Very important muscles to exercise as we age are the upper back muscles to prevent that hunched over look where the chest muscles are too tight and the upper back muscles are weak.  Exercises that don’t use any equipment to work the upper back aren’t thick on the ground, however there are a couple.  If you can’t safely get up and down from the floor (which this exercise requires) then please comment and I will post another exercise that you can do.

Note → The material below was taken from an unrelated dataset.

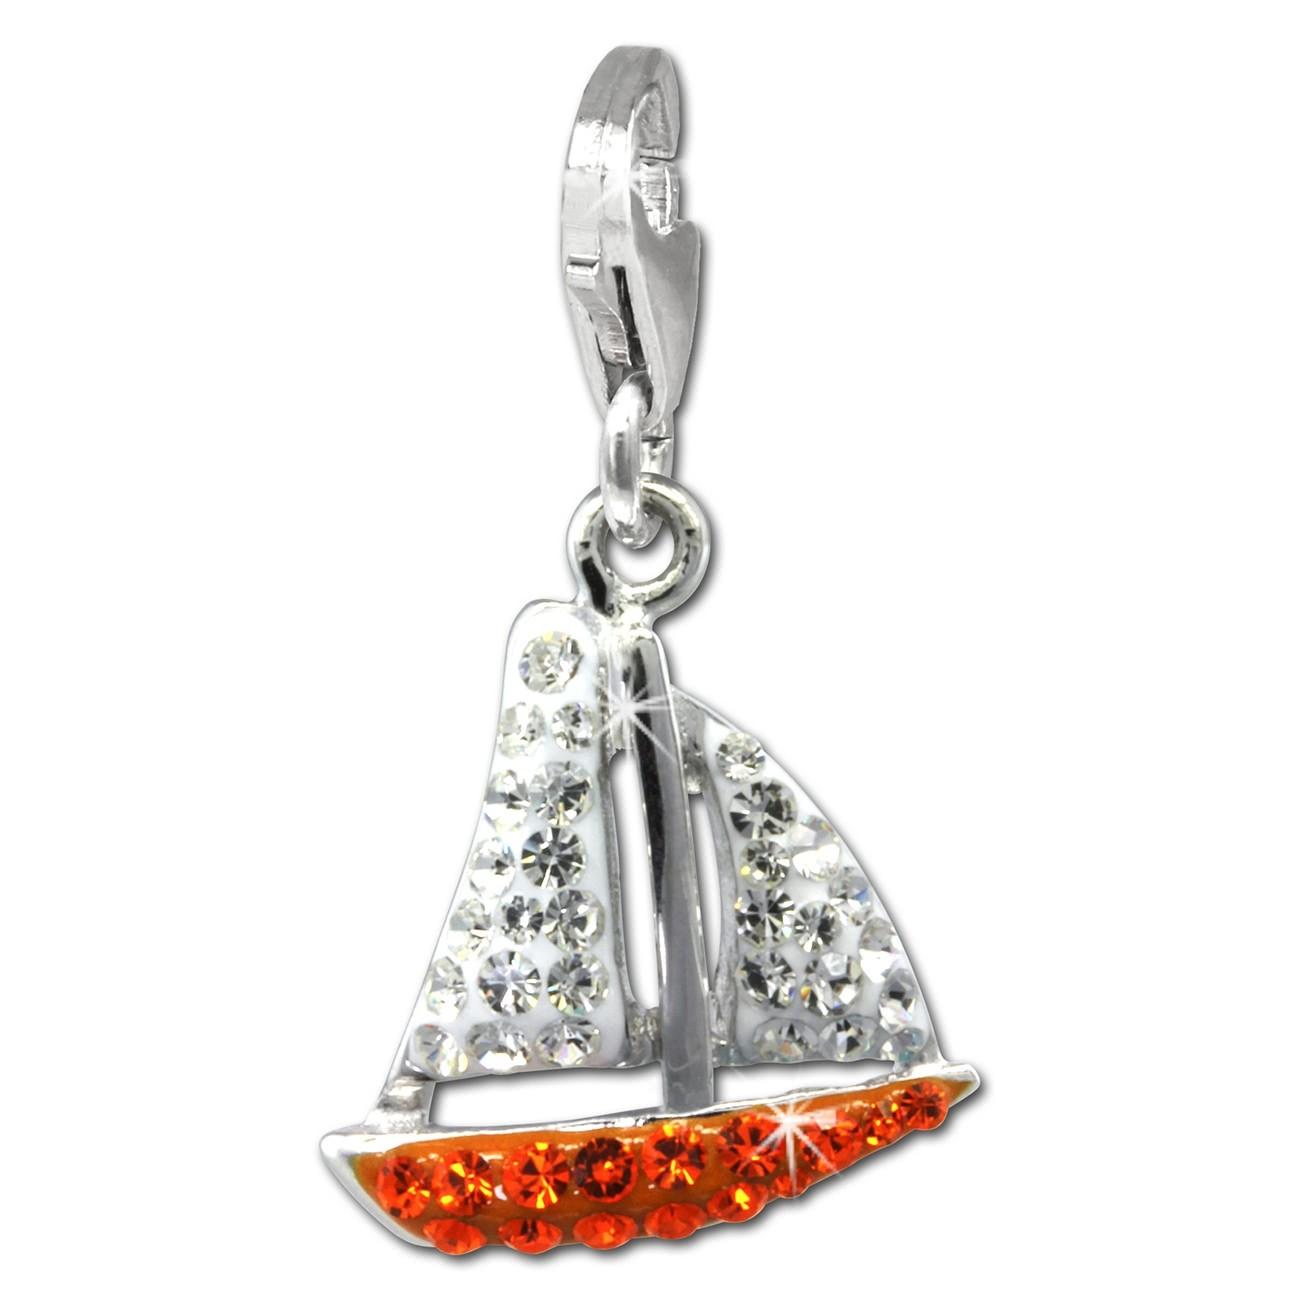 SilberDream Glitzer Charm Segelboot orange Zirkonia Kristalle GSC569O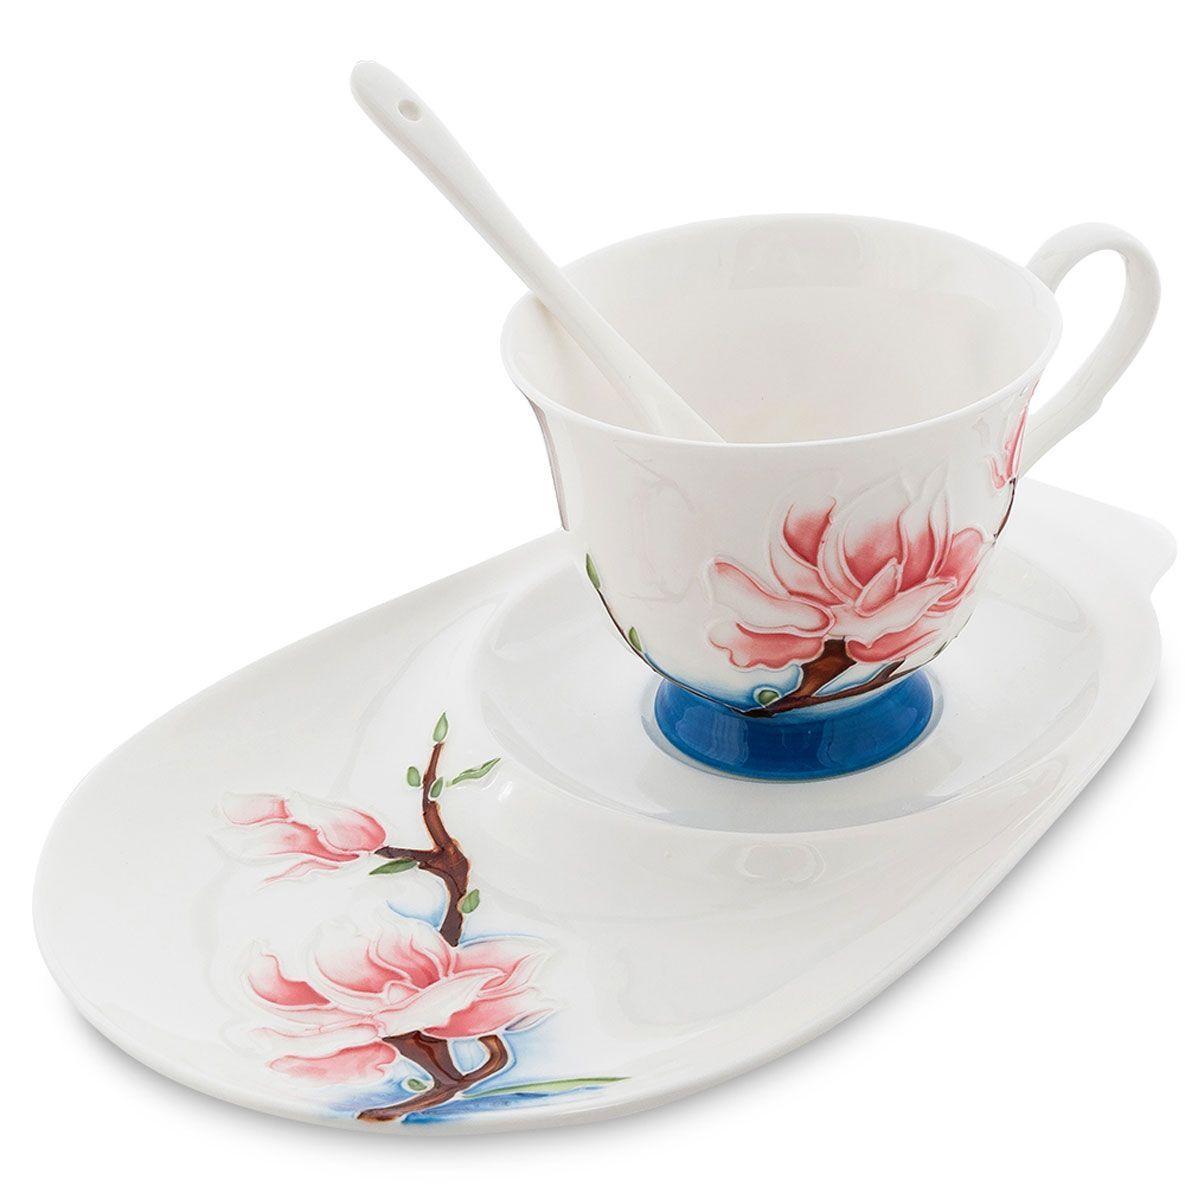 Набор чайный Pavone Цветущая сакура, 3 предмета451577Чайный набор Pavone Иволга и орхидея изготовлен из высококачественного фарфора. Набор состоит из чашки, блюдца и чайной ложки. Изделия имеют необычный дизайн, который придется по вкусу ценителям классики и тем кто предпочитает современный стиль. Изящный набор эффектно украсит стол к чаепитию и порадует вас функциональностью и ярким дизайном. Объем кружки: 250 мл. Длина блюдца: 23 см.

The (snazzily named) Y-T-I raises target the muscles of your upper back that stabilize your shoulder blades  and strengthen your shoulder muscles.

Y Raise

  1. Lie facedown on the floor with your arms resting on the floor above your head, completely straight and at a 30-degree angle to your body, so your body forms a Y shape.
  2. Your palms should be facing each other so that the thumbs point up (as if you were doing an ok sign!)
  3. Raise your arms as high as you comfortably can, concentrate on your upper back doing this work and not your arms.

 T Raise

  1. Still lying facedown move your arms so that they’re out to your sides—perpendicular to your body.
  2. Your thumbs should be still pointing upwards with palms now facing forwards.
  3. Raise your arms as high as you comfortably can, concentrate on your upper back doing this work and not your arms.

I Raise

  1. Still lying facedown move your arms so that your body forms a straight line from your feet to your fingertips.
  2. Like with the Y your palms should be facing each other  with your thumbs pointing up.
  3. Raise your arms as high as you comfortably can,  concentrate on your upper back doing this work and not your arms.

Do 10 reps of each Y, T and I  (immediately after one another) and then rest for 1 minute before doing another 10 reps of each exercise.

For a no equipment required lower back and core exercise please see the following article I wrote which details both Bird Dog (great name!) and the plank.

Before starting any new exercise program please check with your doctor and clear any exercise changes with them

If you have any questions on this article, or any questions about exercise and the over-50s please post a comment. By subscribing to this blog you will be informed of any new articles. You will not receive any spam email.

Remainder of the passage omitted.